Monday, August 2, 2010

Diabetes From a Personal Point of View

The dates of some experiences can be imprinted on one’s memory for a long time. I don’t think I’ll ever forget the day that my son was diagnosed with type 1 diabetes at 8 years of age. He had been excessively thirsty for a few days, and was drinking a lot of water. A couple days prior to his diagnosis, I remember him coming home from school and telling me in amazement that he went to the bathroom twenty times that day! My husband and I scoured the internet looking for any other explanation than the one that we knew was most obvious. In medicine, they have a saying: If you hear hoof beats it’s probably a horse, not a zebra. This means that what is most obvious is most likely. In our case it was a horse, type 1 diabetes.

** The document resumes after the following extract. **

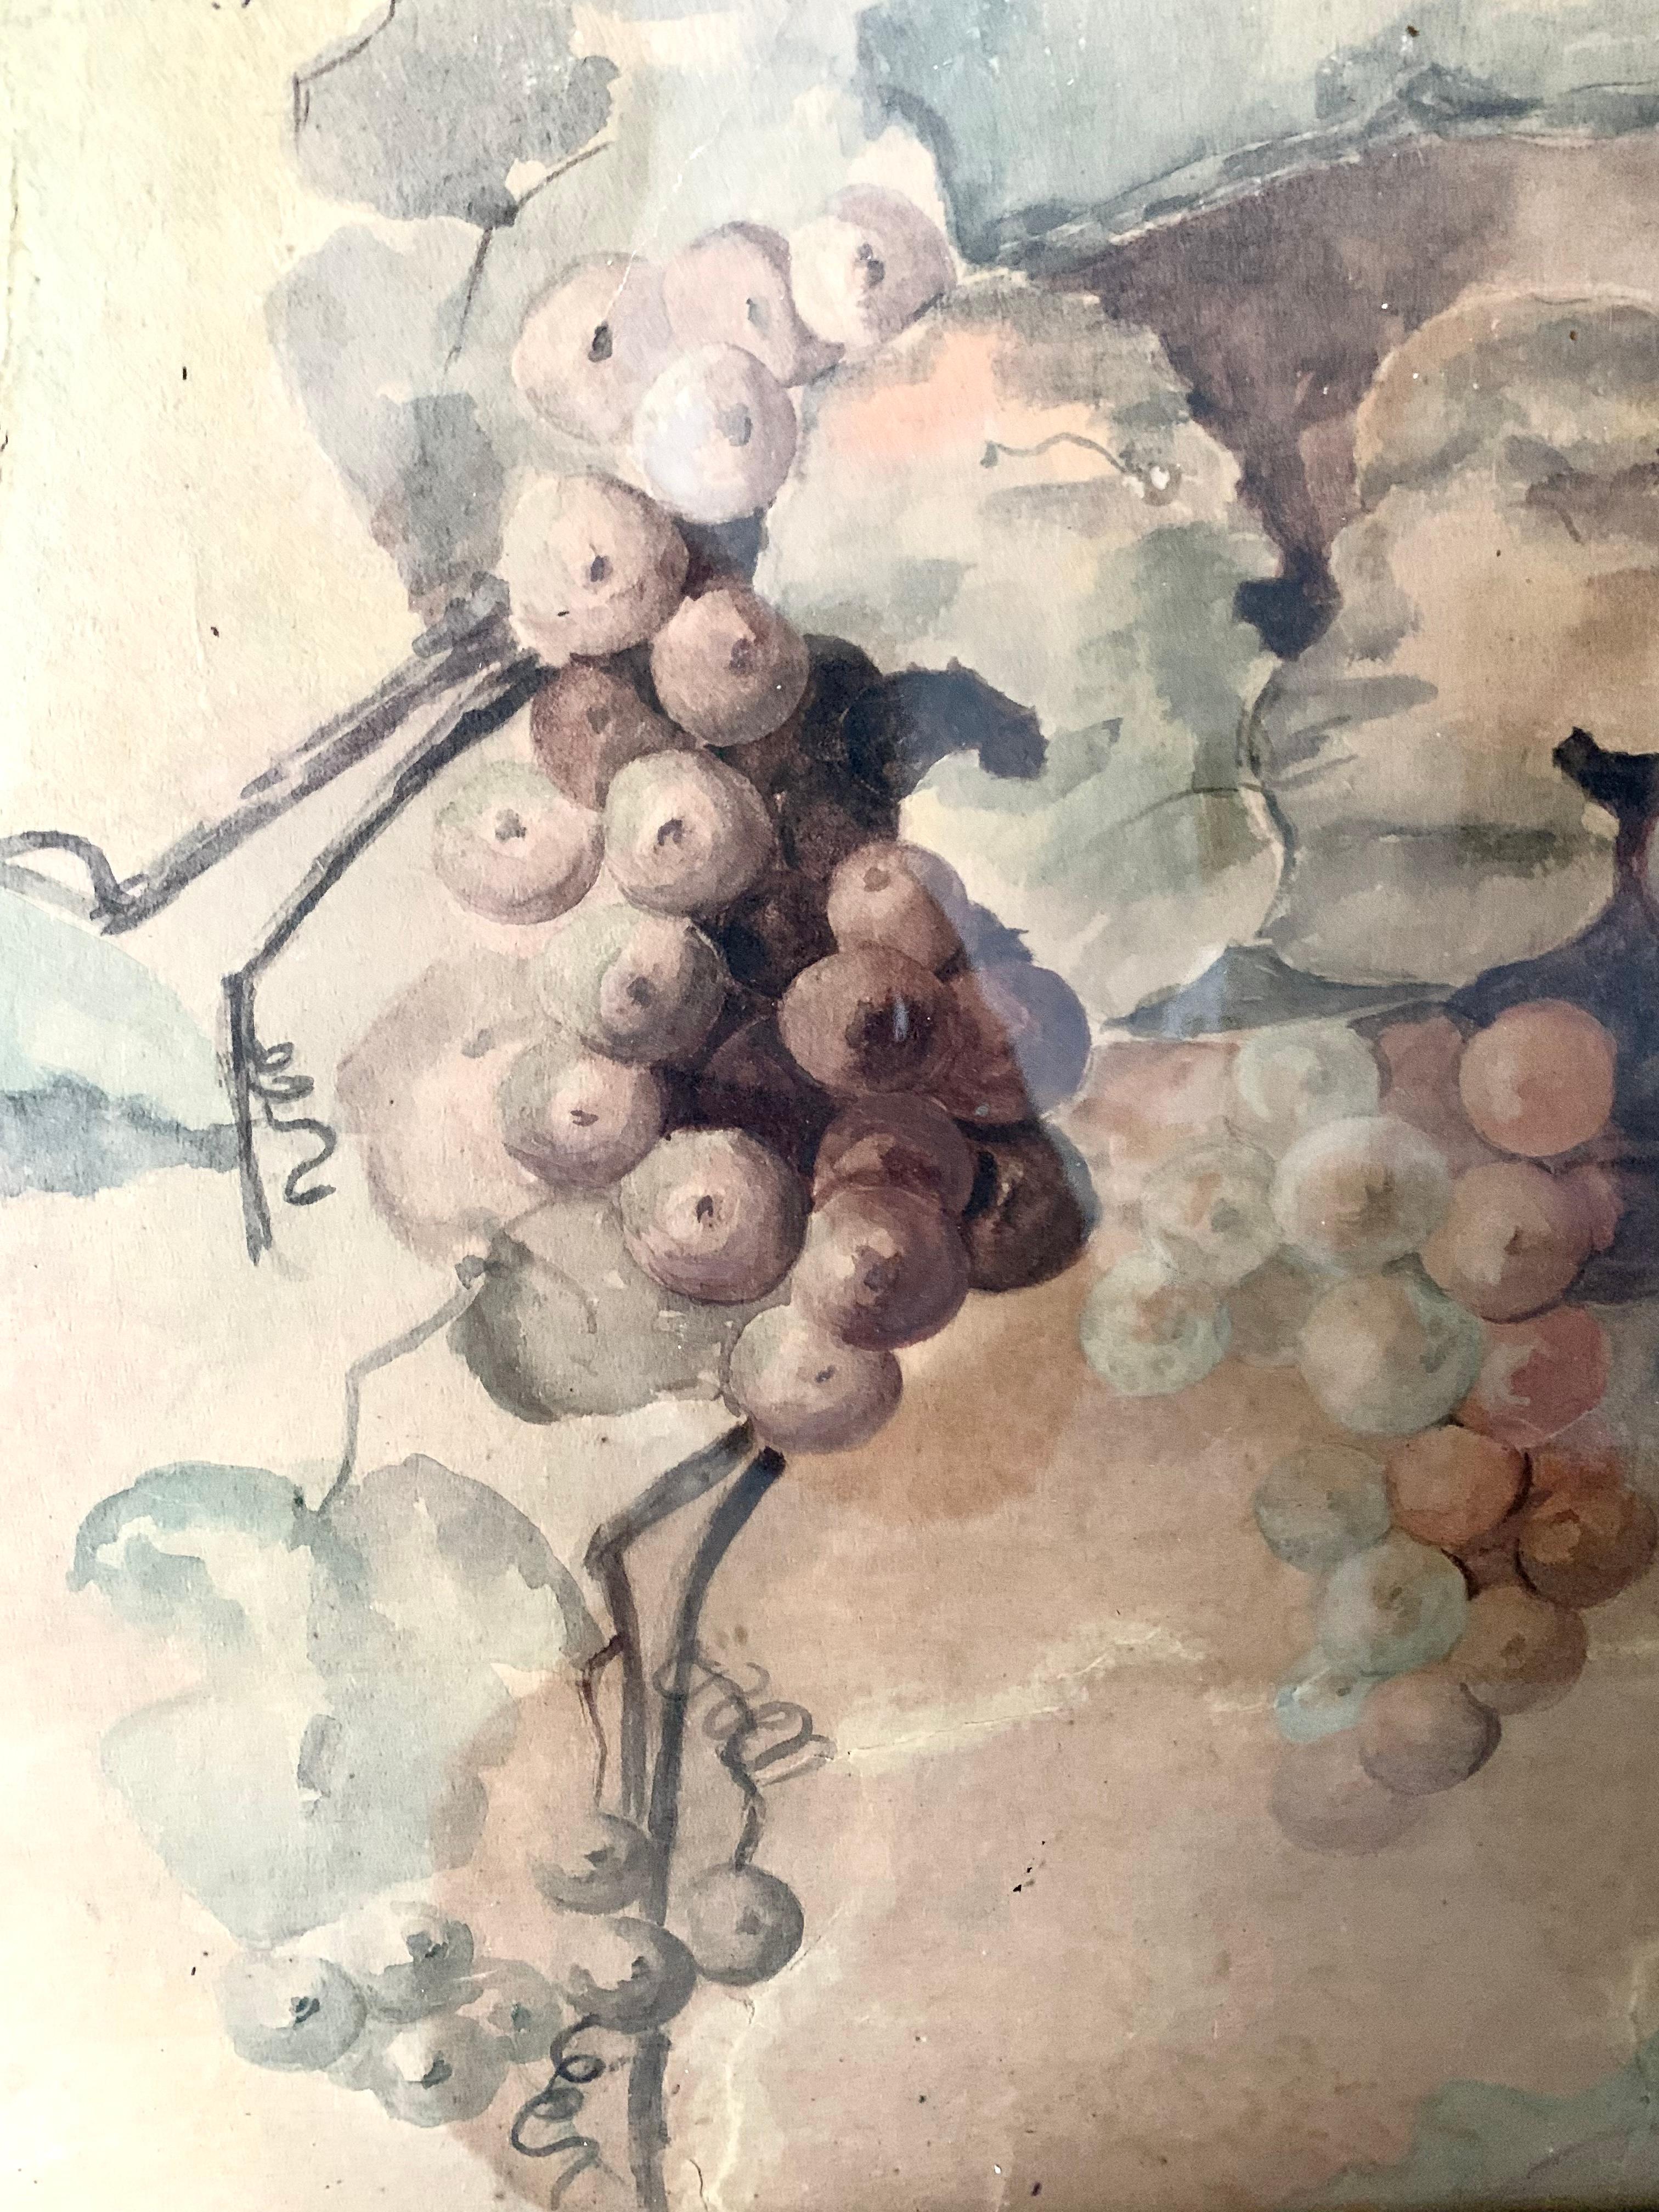 Belle aquarelle représentant des grappes de raisins.les couleurs donnent une certaine poésie à l'œuvre. Cet ouvrage est signé S. E. Burns et daté de 1906.

When I was a nutrition student learning about diabetes, I struggled to get my mind around all that was necessary to manage the disease. Diet, medication and physical activity are all very important in controlling diabetes, and none of it is simple. I am still learning how complex diabetes management is every day. My son is now a 15 year old athlete. He has risen to the challenges of diabetes better than many adults would have. He knows how important physical activity is for his blood sugar management, and after trying several different sports he found a sport that he loves, rowing. Diabetics used to be discouraged from participating in sports because of the risk of low blood sugar. Now, we view physical activity and athletics as an important part of keeping a diabetic person healthy throughout life. The advent of the insulin pump has allowed us to fine tune the delivery of insulin such that athletics is not considered as dangerous as it used to be.

Since my son has been diagnosed with diabetes on March 16, 2004 he has had several seizures related to low blood sugar, all of them occurring during sleep. He’s always recovered relatively quickly from them, and was alert enough to drink juice to bring his blood sugar back up. His most recent seizure on July 7, 2010 was different. By now, my other children are well versed in their brother’s diabetes management. My 13 year old daughter has helped me administer juice to her brother and witnessed the multiple daily finger pricks to check blood sugar and injections of insulin. On this warm day in July, she frantically called us at work to let us know that our son was having a seizure. I left for home grateful that she would be there to give him juice. While I was en route she tested his blood sugar and administered glucagon, a quick acting sugar to help raise blood sugar in unresponsive diabetics. When I arrived the situation had not improved. Another injection of glucagon failed to bring him around. I was relieved when my husband, a physician, arrived home to help, but nothing that we did brought our son back to his normal mental status. We called 911.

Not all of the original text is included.